Statistical analysis was employed using the R software (version 4.3.2; https://www.R-project.org). Using a theoretical ratio of 3:1, patients were randomly split into the derivation cohort, responsible for screening variables and constructing the model, and the internal validation cohort, which was used to verify the results obtained. At the same time, data from two independent external validation cohorts were applied to testify the generalizability and validity of the proposed model. Categorical variables are presented as the number and percentage. On the other hand, continuous variables are presented as the mean (standard deviation [SD]) or the median (interquartile range [IQR]) as appropriate according to the normal distribution attributes. The predictive performance of the model was assessed using the receiver operating characteristic (ROC) curve.
We performed a least absolute shrinkage and selection operator (LASSO) regression algorithm to select features initially in the derivation cohort [20]. The tenfold cross-validation method was employed to choose the optimal regularization parameter λ (minimizes the binomial deviance: λ-min = 0.01). To balance the model's complexity and performance, 7 variables with nonzero coefficients were finally retained according to the critical value setting as λ-1se = 0.03. The proportional hazards assumption was checked using the Schoenfeld residuals, and all selected variables exhibited equally without time-course fluctuation. By incorporating these LASSO-selected variables, a multivariate Cox proportional hazards regression was utilized to identify independent risk factors of HCC, which were finally visualized in the resulting nomogram.
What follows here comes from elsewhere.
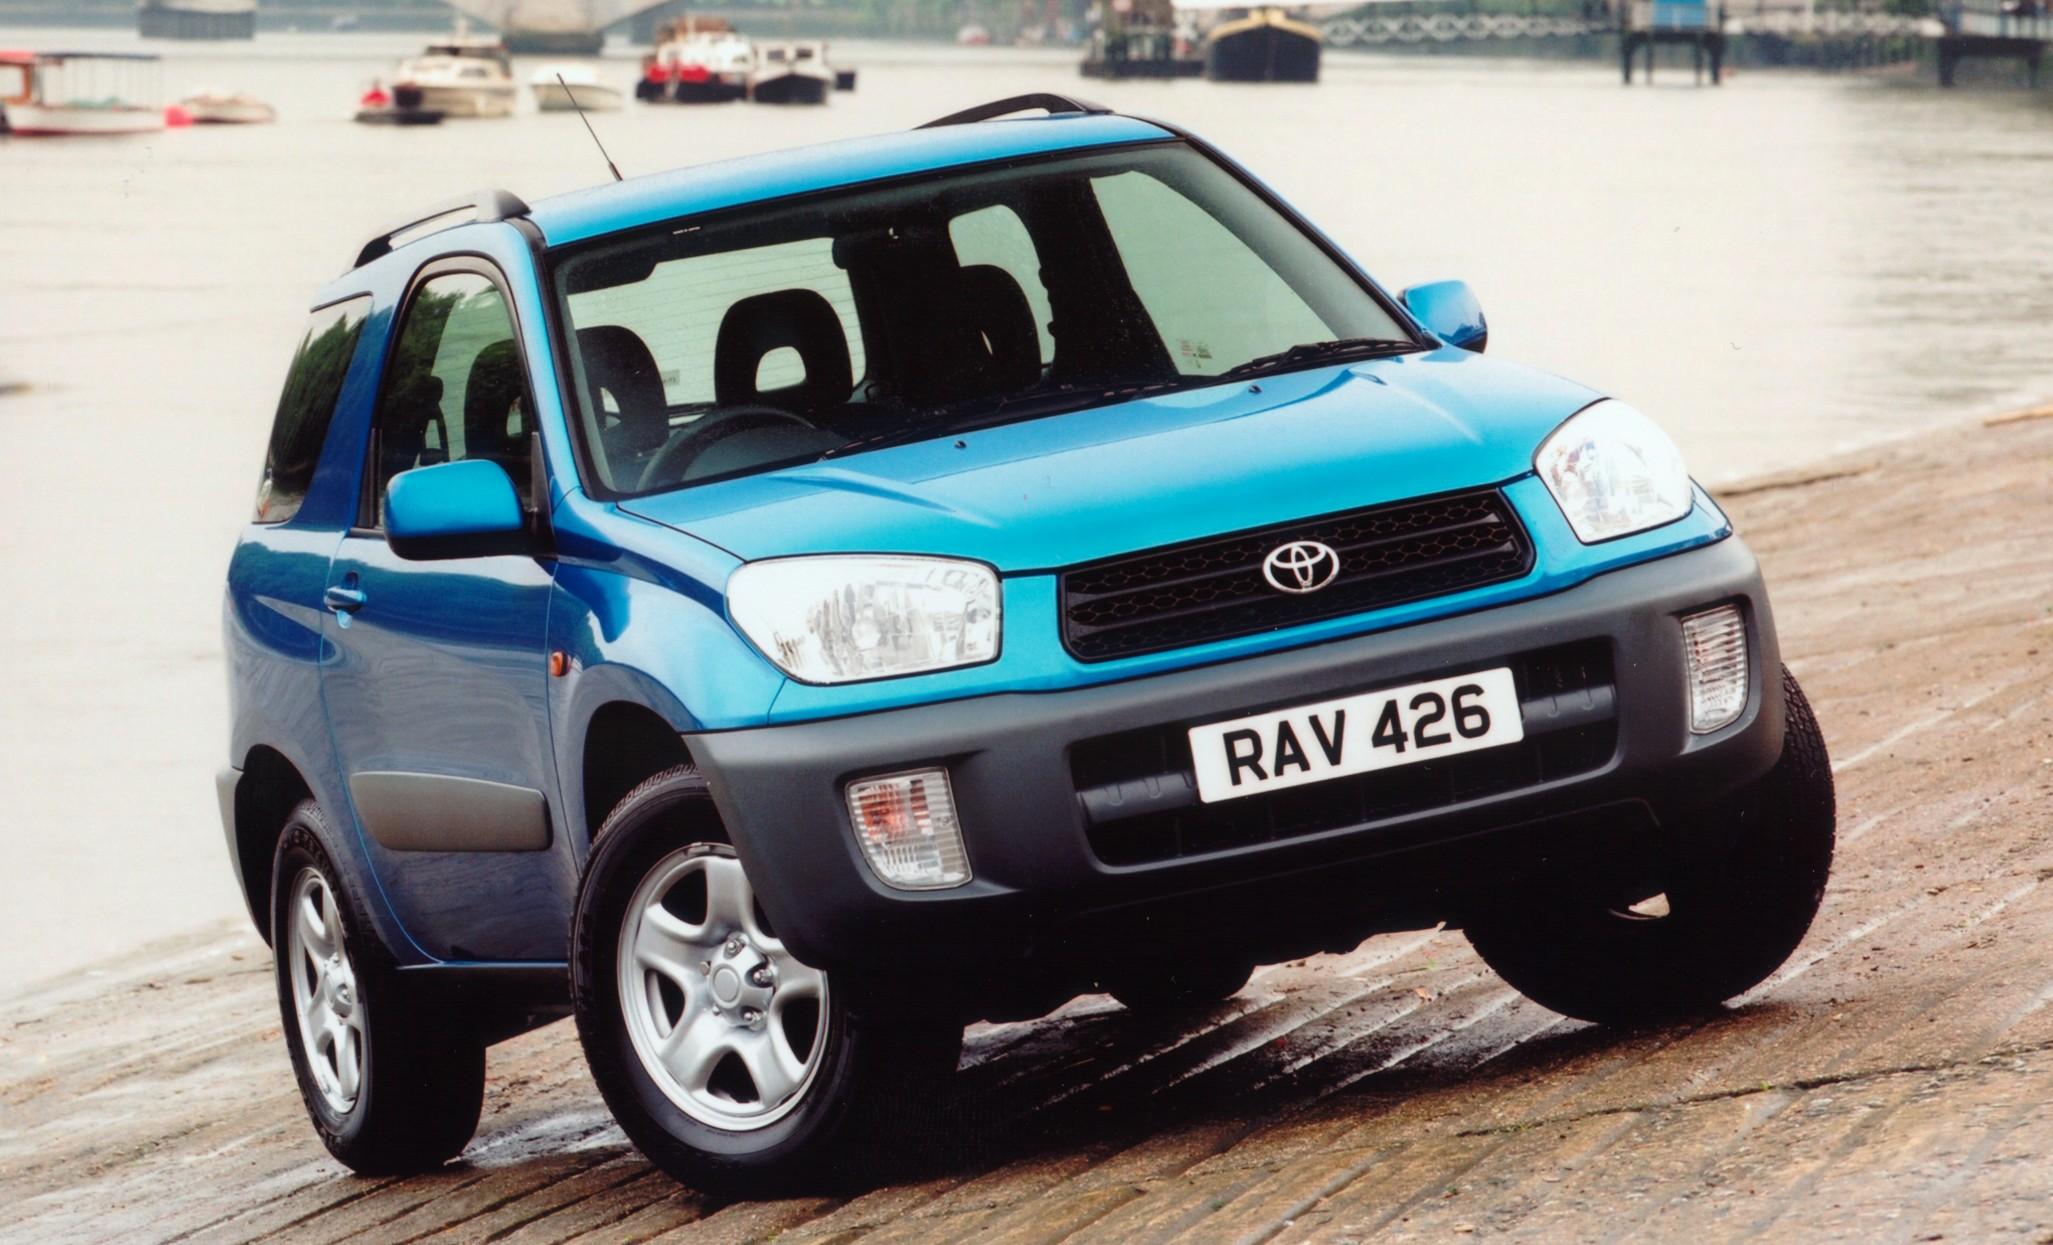 The RAV 4 brings the reassurance of four-wheel drive and superb reliability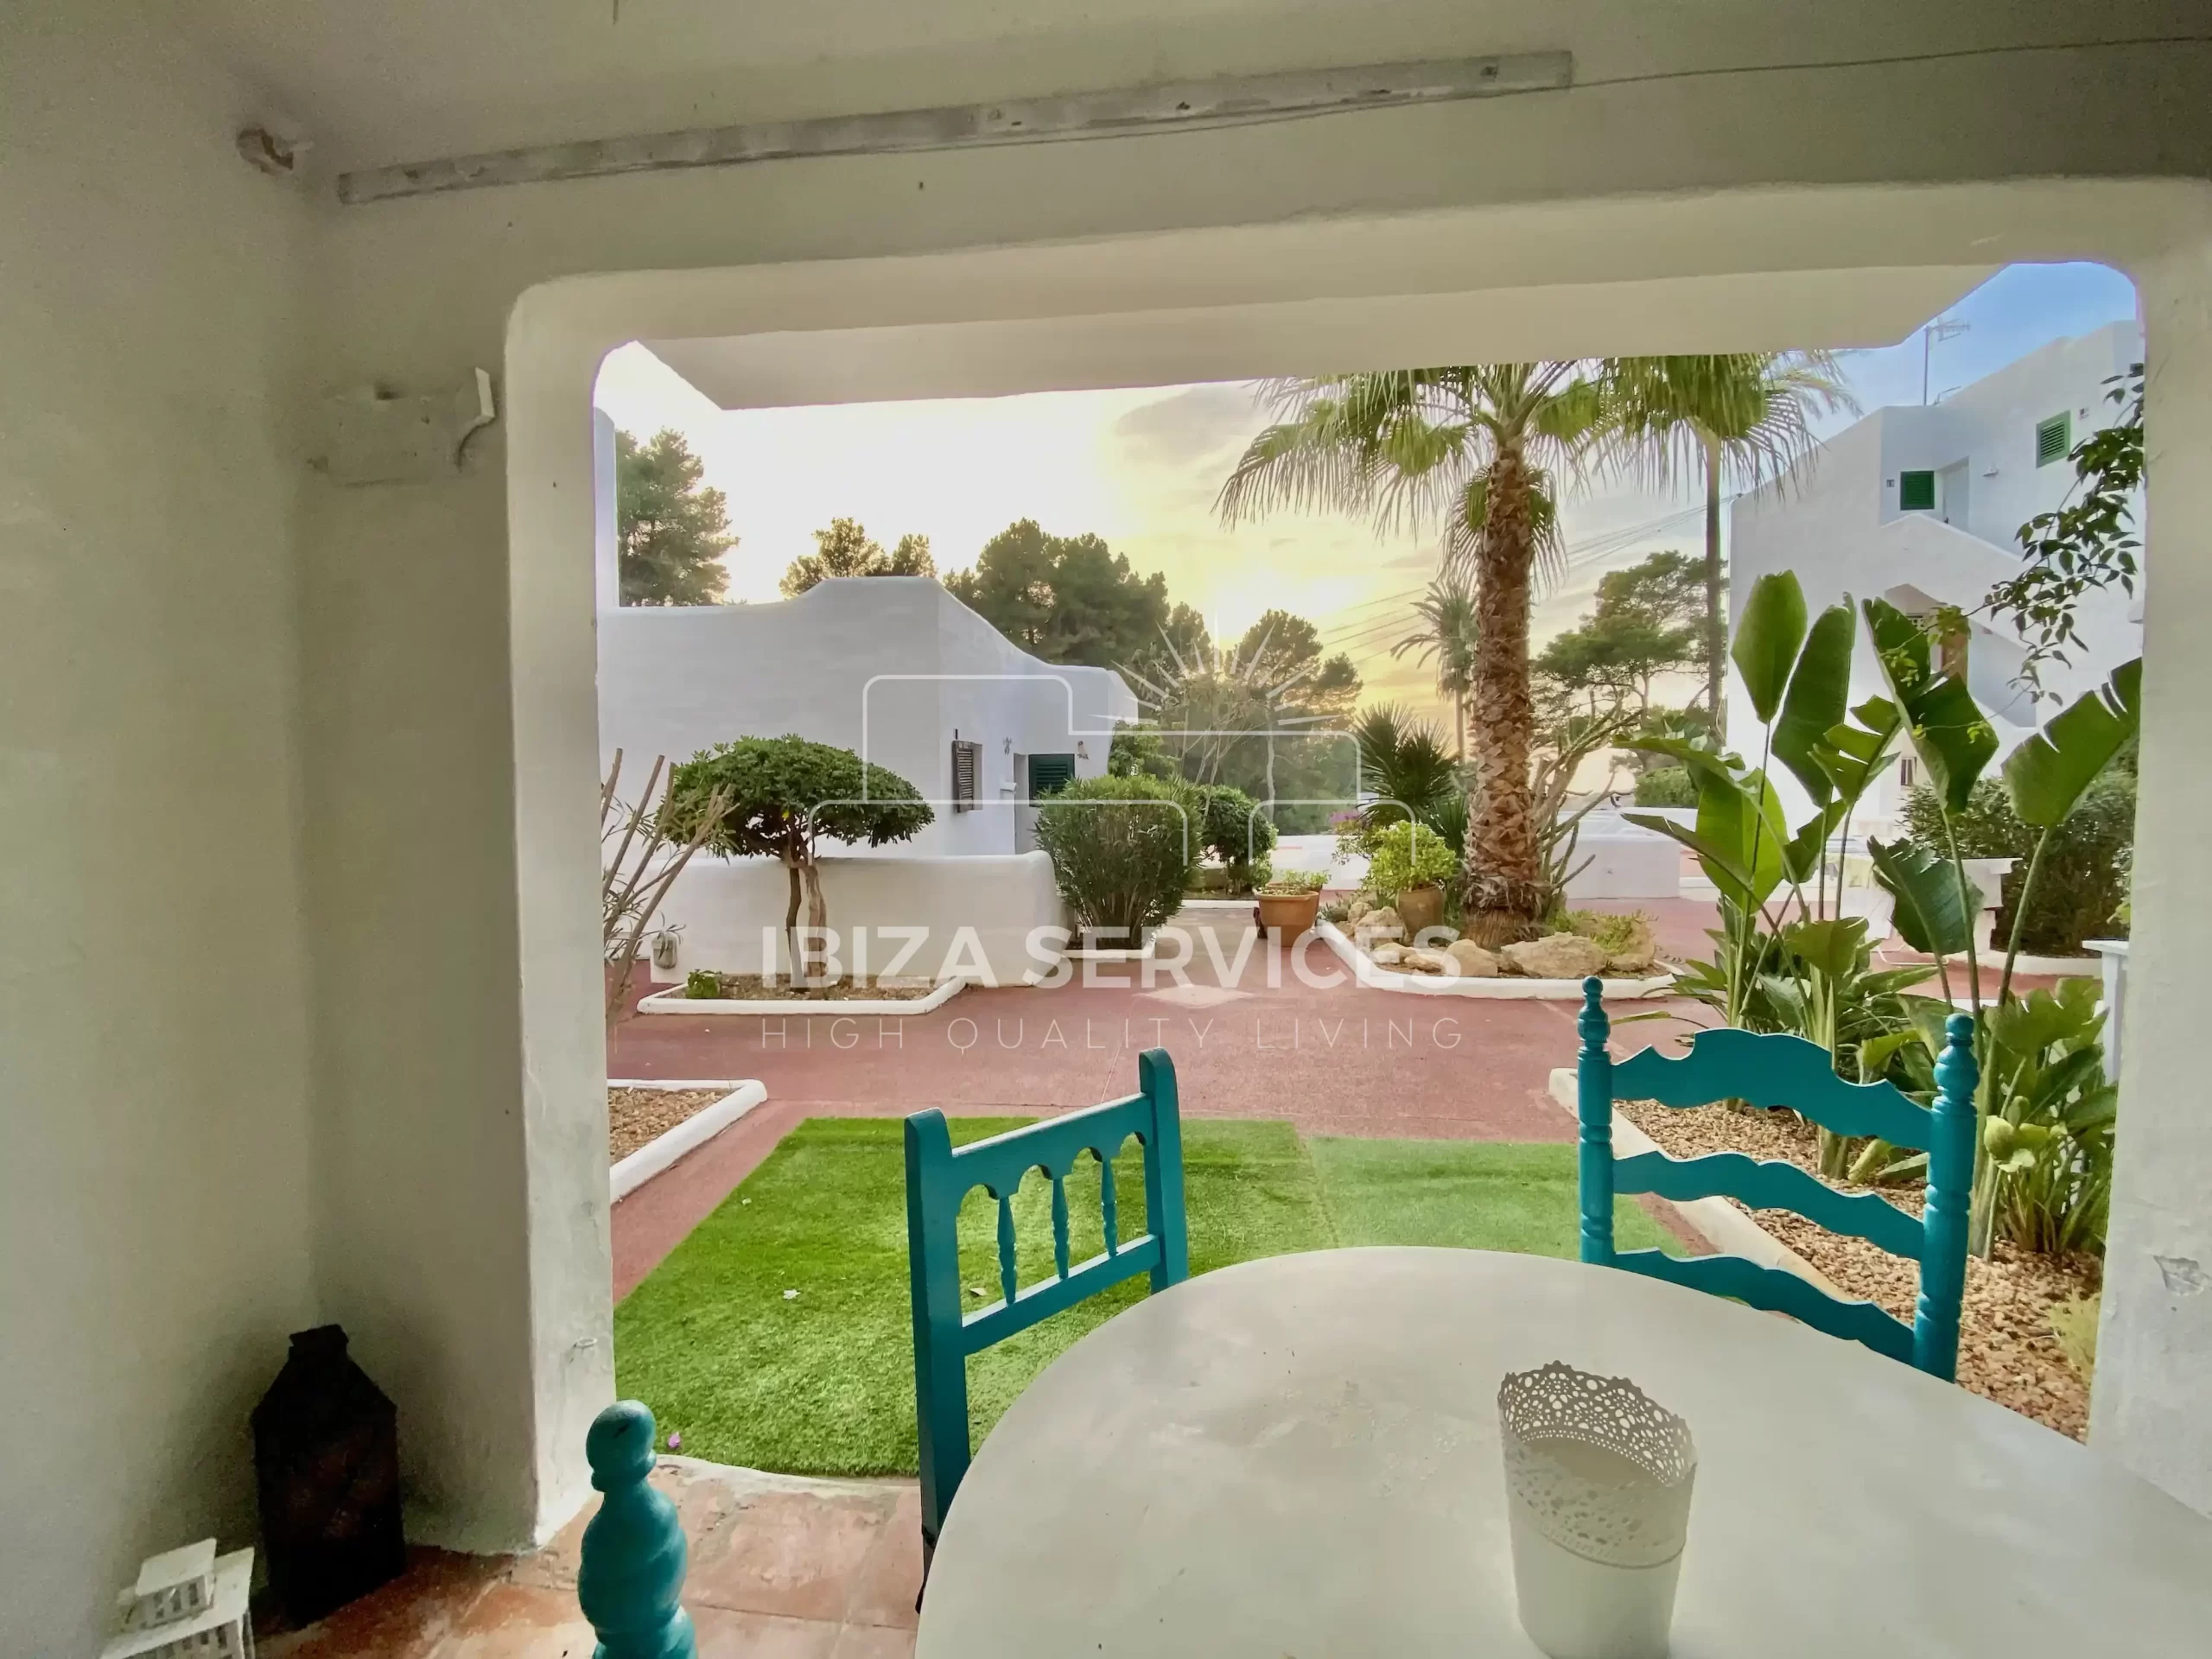 Cozy Seaside Apartment for Sale: Your Ideal Coastal Getaway

We also assembled several validation approaches to evaluate the prediction model's accuracy across the derivation and validation cohorts. Regarding the predictive performance, we evaluated and compared both their discrimination and calibration abilities. The discriminative ability of our proposed nomogram was estimated in terms of Harrell's concordance index (c-index), along with the time-dependent area under the curve (tdAUC) at 3, 5, and 8 years. On the other hand, the model's consistency was assessed using the calibration curve, as shown in plots of estimated versus observed probabilities and the Hosmer-Lemeshow goodness of fit test [21]. Additionally, the X-tile software was employed to identify three risk strata associated with HCC development based on the total score derived from the nomogram, categorizing the participants into the low-, intermediate-, and high-risk groups. The Kaplan-Meier method for each risk group at different stages was constructed, and the cumulative HCC development between groups was analyzed using the log-rank test. A P value of < 0.05 was regarded as statistically significant.